Friday diorama

I have a new end-of-week ritual. Friday evening I leave the kids with my hubby, shut the door for my Hour, I prepare my writer’s workshop: the yellow notebook with vintage flowers, pen, a kitchen organizer of multi-colored sticky notes in the shapes fromclassic square to a kettle (I am a maniac of planning, taking notes, reminders in the form of sticky notes and organizers, I have about 16 sets for the moment) all occasions, from planning a working week to an orgy). I open some craft beer miracle with a minimum power of 7.5 volts (this week „Roaring 40”, mega hopped, slightly sweet and strong as I like). I sit in our small room with the lights off on the table by the windowsill – so that I can clearly see the diorama of windows in the opposite block.

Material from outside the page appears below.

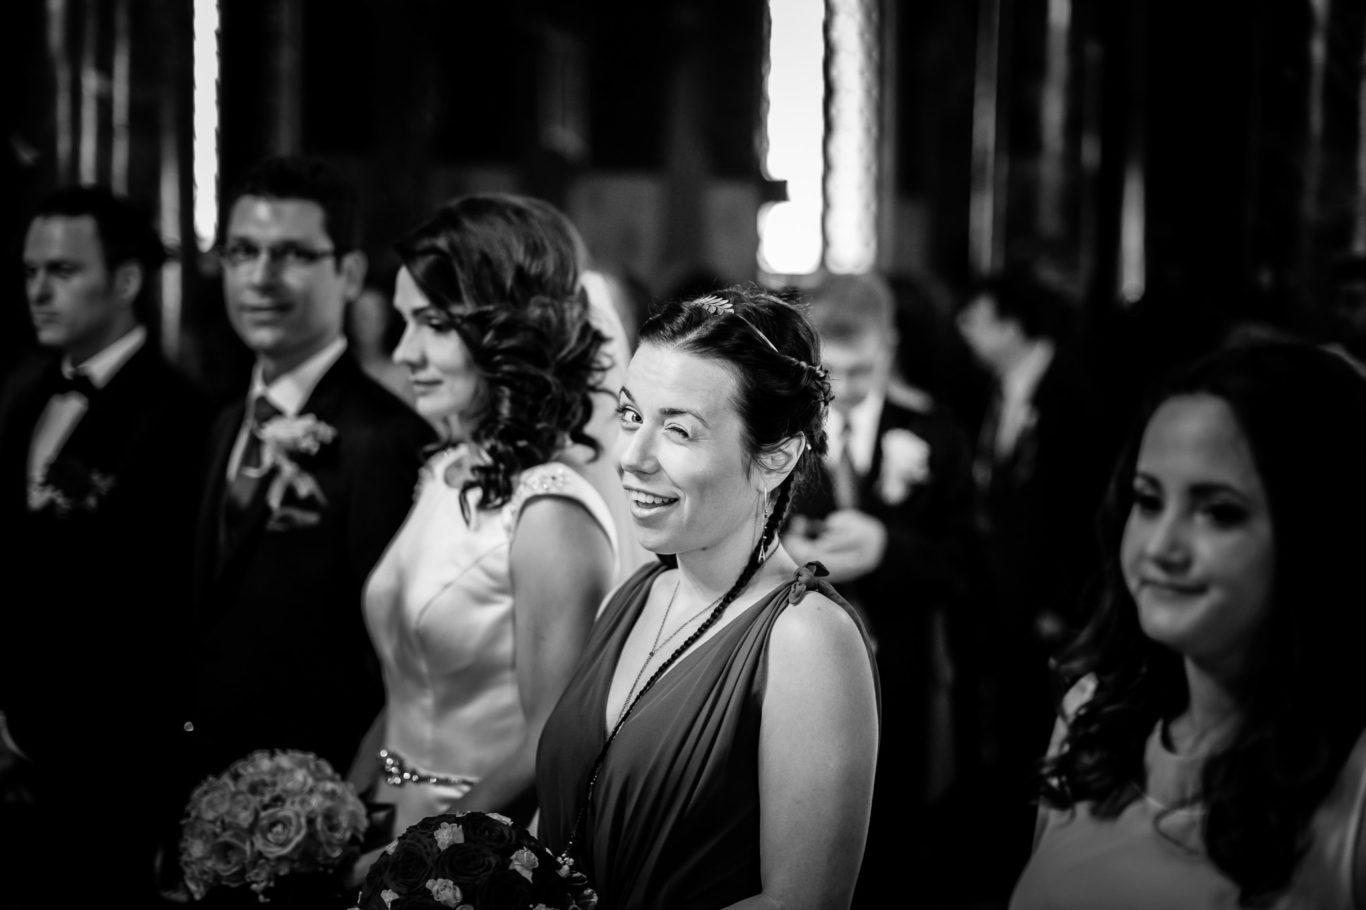 0400-fotografie-nunta-bucuresti-dana-radu-fotograf-ciprian-dumitrescu-cd2_7270

Someone is making soup, someone is vacuuming, someone is watching TV, someone is arguing, someone is writing, someone is planning a triple premeditated murder. The meat saleswoman is dancing on a cigarette in the back room, she doesn’t know about my presence in her Moment. Observing them, I am with them, very close, intimate.

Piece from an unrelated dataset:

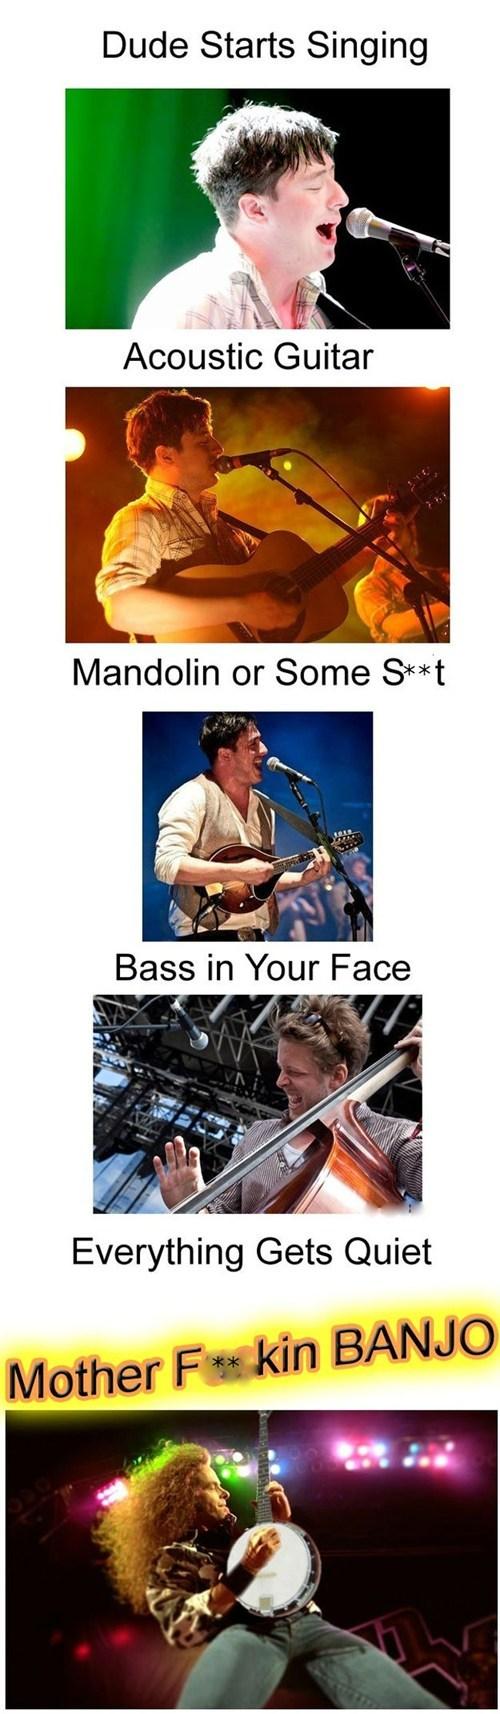 banjo Music FAILS - 7264897280

I’ve always loved it, since childhood. To look at houses through windows, reassured that the world continues, civilization is still developing in these pots, on sofas and under quilts. That we are safe. It may be the result of growing up in the communist era with the Soviet paranoia of nuclear war caused by the West. Maybe it is Chernobyl, which has always been somewhere in the background, in gossip, whispers, conversations at social events sprinkled with cognac, with the obligatory presence of jerked chicken in jelly served in tiny porcelain cups with green flowers.

I was especially captivated by the evening dioramas of block or dormitory windows. So many families, so many people, so many things, dramas, nightmares, miracles, boredom, ecstasies, thoughts, feelings…. And all in aesthetic and hermetic window frames. No matter what, the frame remained intact. Terrifyingly insensitive, admirable in its consistency. People came and went, I looked enchanted and half an hour and an hour sometimes …

The most terrible thing was when the light went out.

I didn’t know if someone had gone to the other room or died, which I didn’t know about the soup, he hit her a lot or they made up, maybe the chops burnt. Suddenly, I was absolutely terrified.

Or maybe they just turned off the light, settled on the windowsill in the cocoon-enveloping darkness to look at us?